Ей никто не возразил. Я ждал обсуждений, шумных дебатов, но вместо этого офф-моо устремили взгляды на обсидиановый круг посреди залы. Что они надеялись там рассмотреть? Или это их вариант ведьминского хрустального шара? Что-то вроде подручного средства для сосредоточения мыслей?

В следующий миг я словно ослеп и чуть не свалился с лавки. Одной рукой прикрывая глаза, чтоб защититься от чудовищно яркой вспышки, я пошарил вокруг другой, разыскивая Оуну. Наткнулся на ее ладонь. Девушка тоже прятала глаза под рукой. А офф-моо сидели себе на лавках как ни в чем не бывало.
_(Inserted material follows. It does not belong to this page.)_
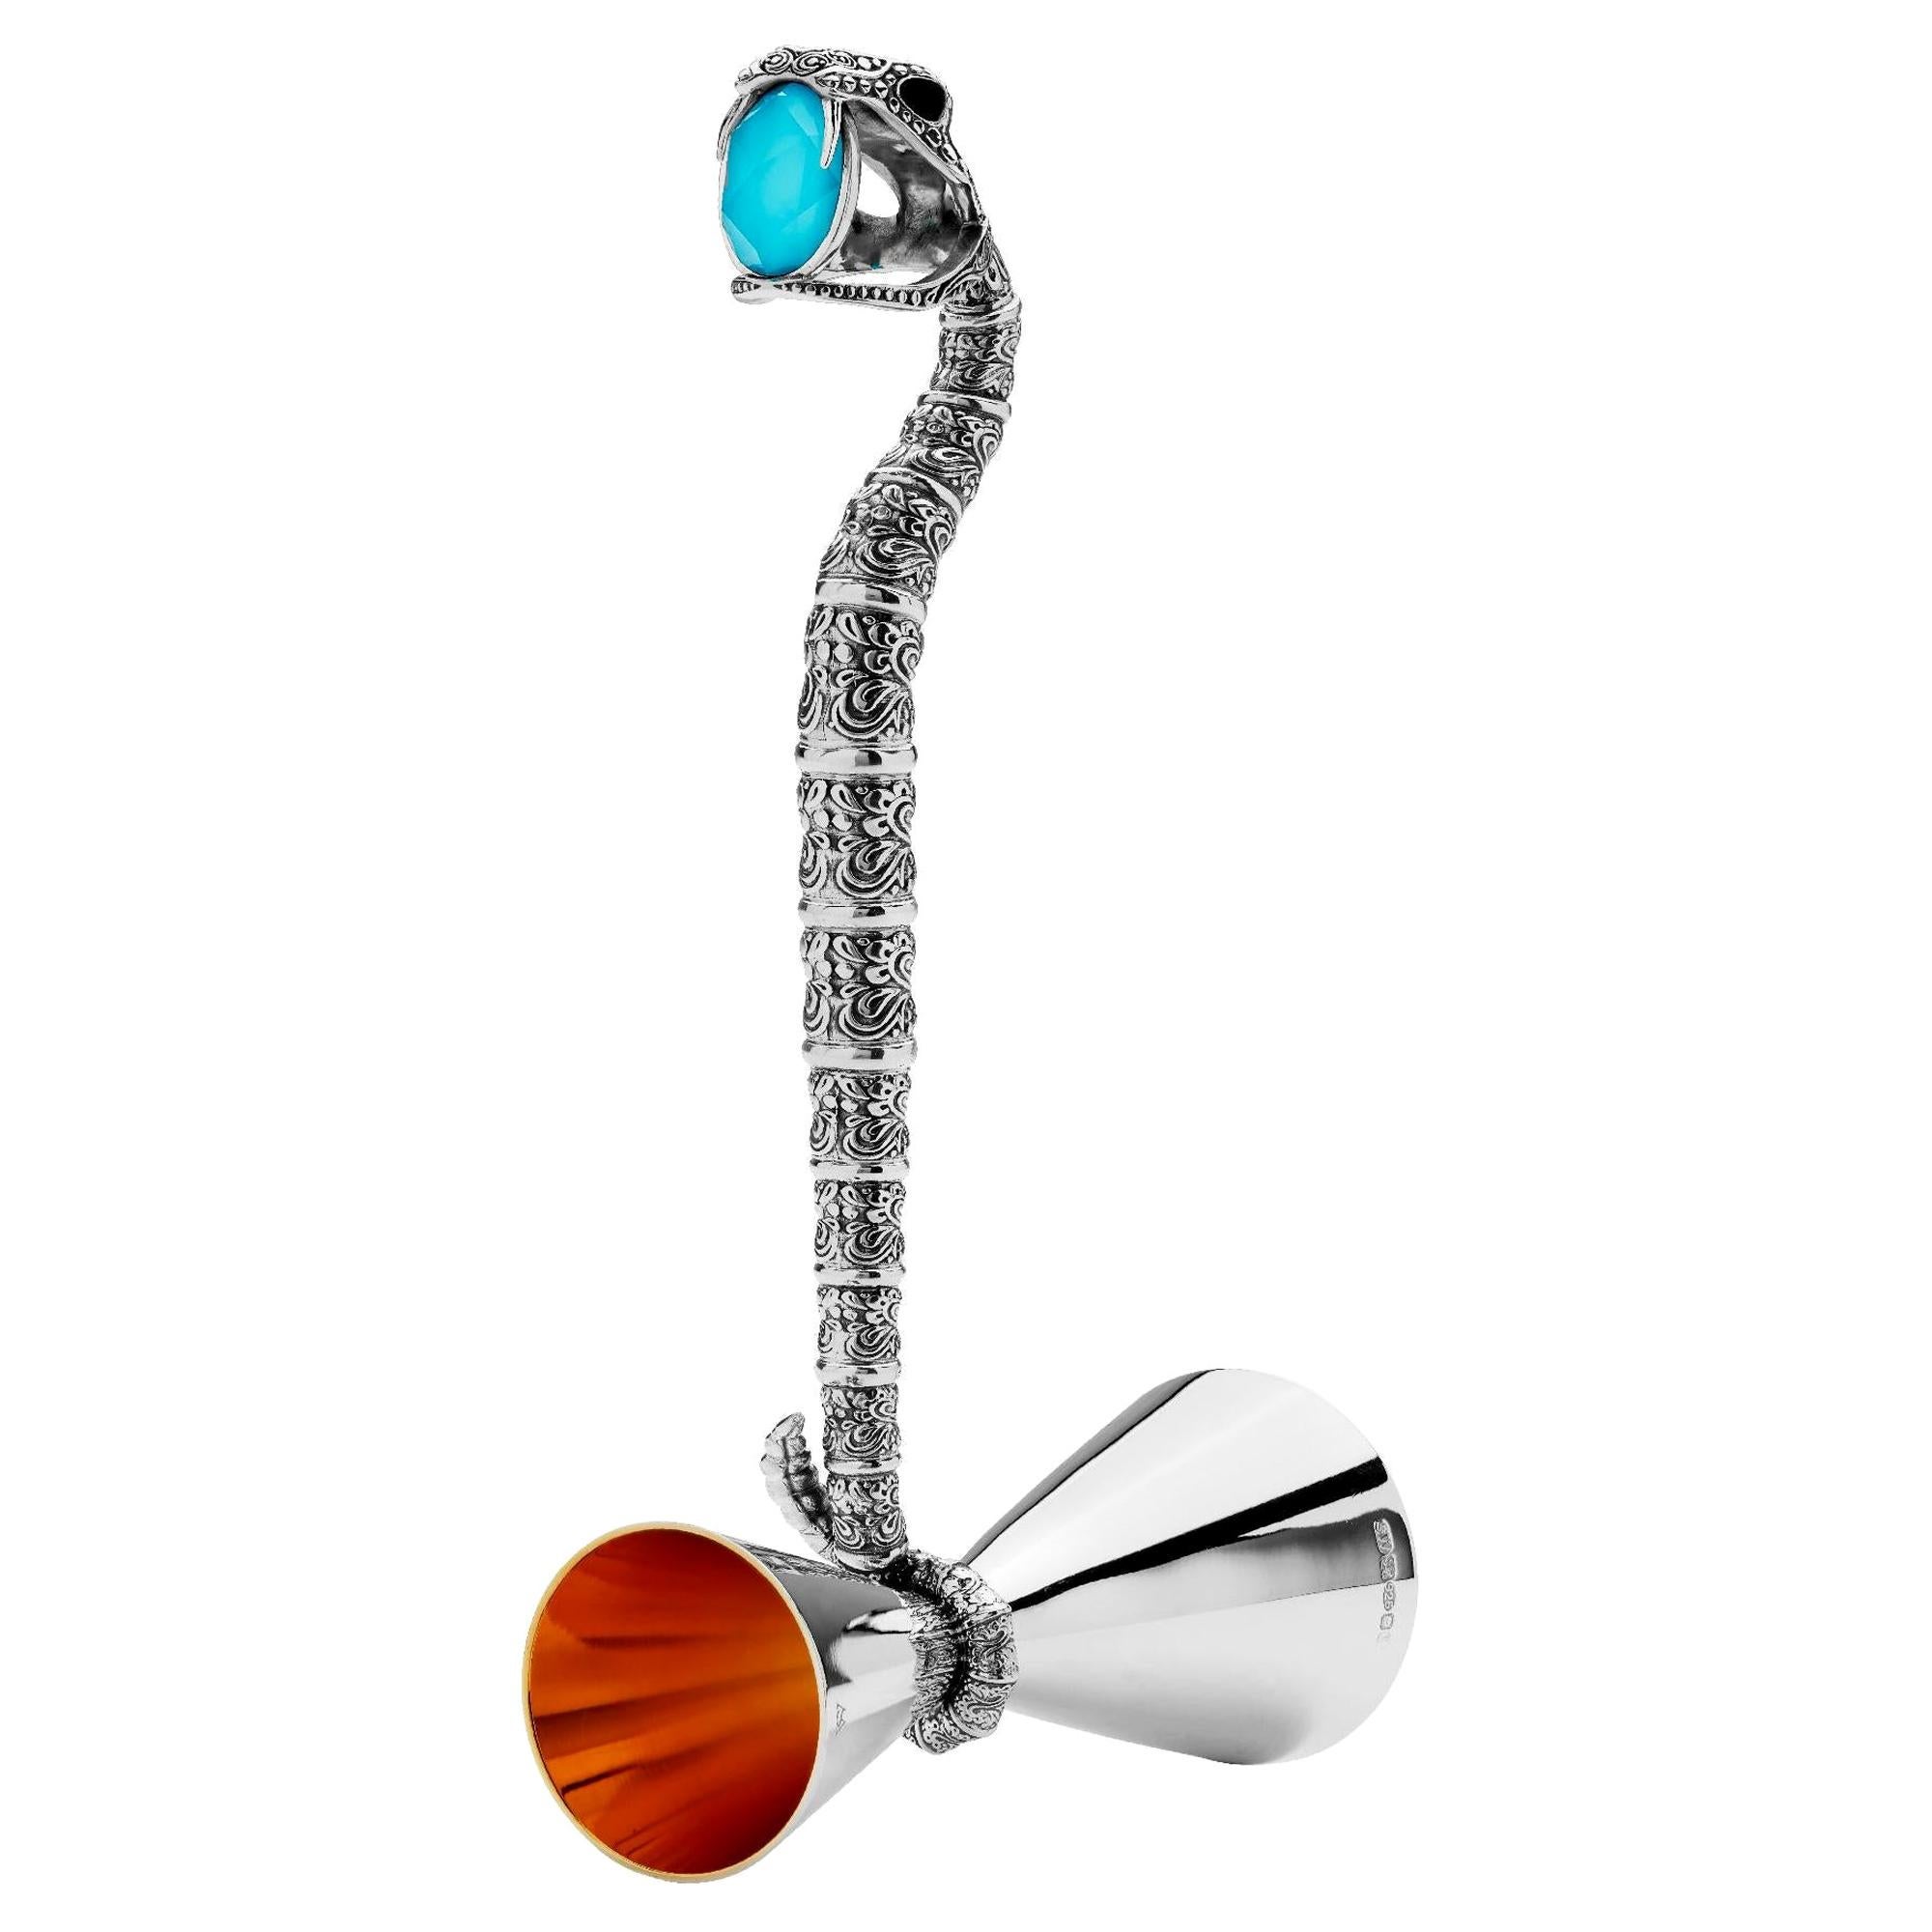 Stephen Webster Tequila Lore Snake Silver Measurer with Turquoise Crystal Haze For Sale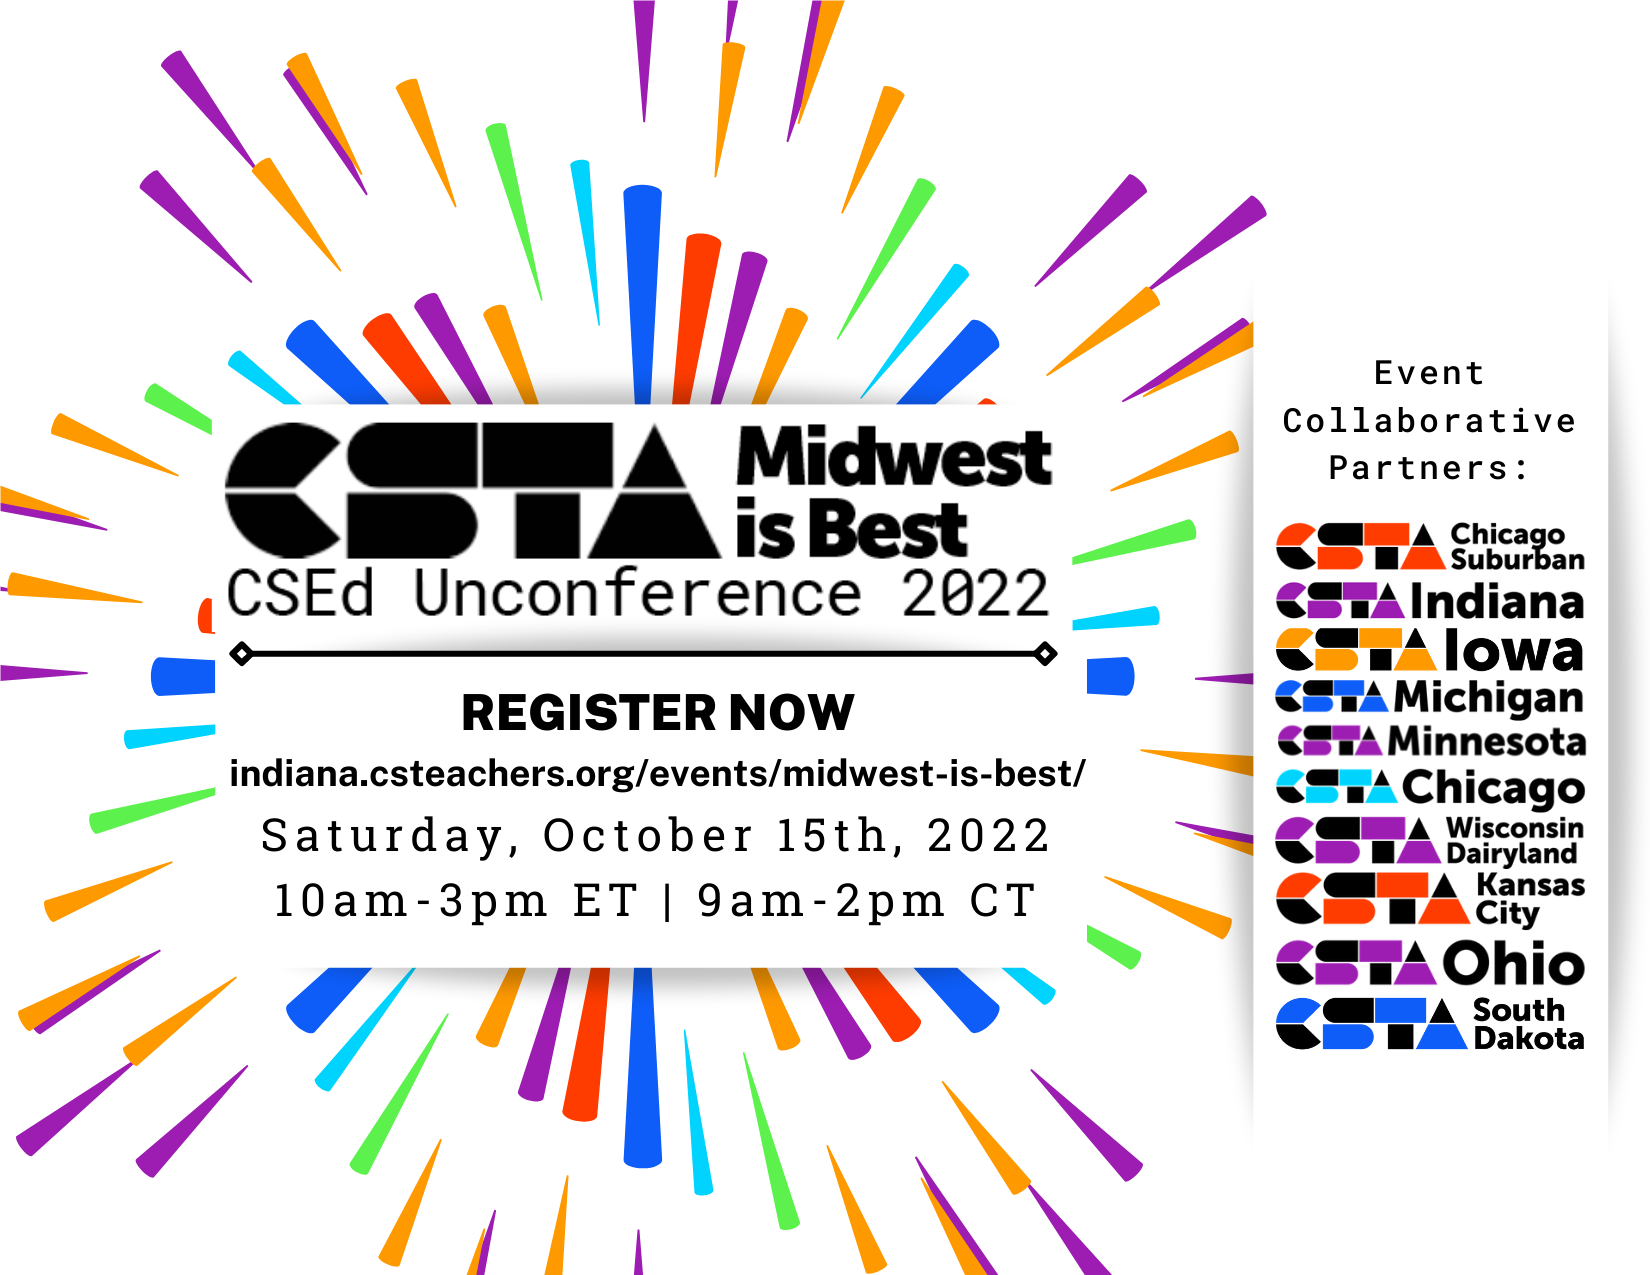 Midwest is Best CS Ed Unconference

– Что происходит? – спросил я шепотом.

– По-моему, они умеют искажать свет, – вот и все, что ответила Оуна. Ослепительное золотое сияние тем временем слегка потускнело, мои глаза более или менее привыкли к нему, и я смог различить источник этого сияния. Он находился в самом центре обсидианового круга – висел, не касаясь поверхности; это был обыкновенный на вид камень, мелко вибрировавший и издававший звуки, которые будили воспоминания о давно забытых поступках и благородных помышлениях. Мысль, дело и образ как бы сливались воедино. Ощущение было такое, что вот-вот перед камнем возникнет коленопреклоненный Парцифаль, рыцарь, чистый помыслами.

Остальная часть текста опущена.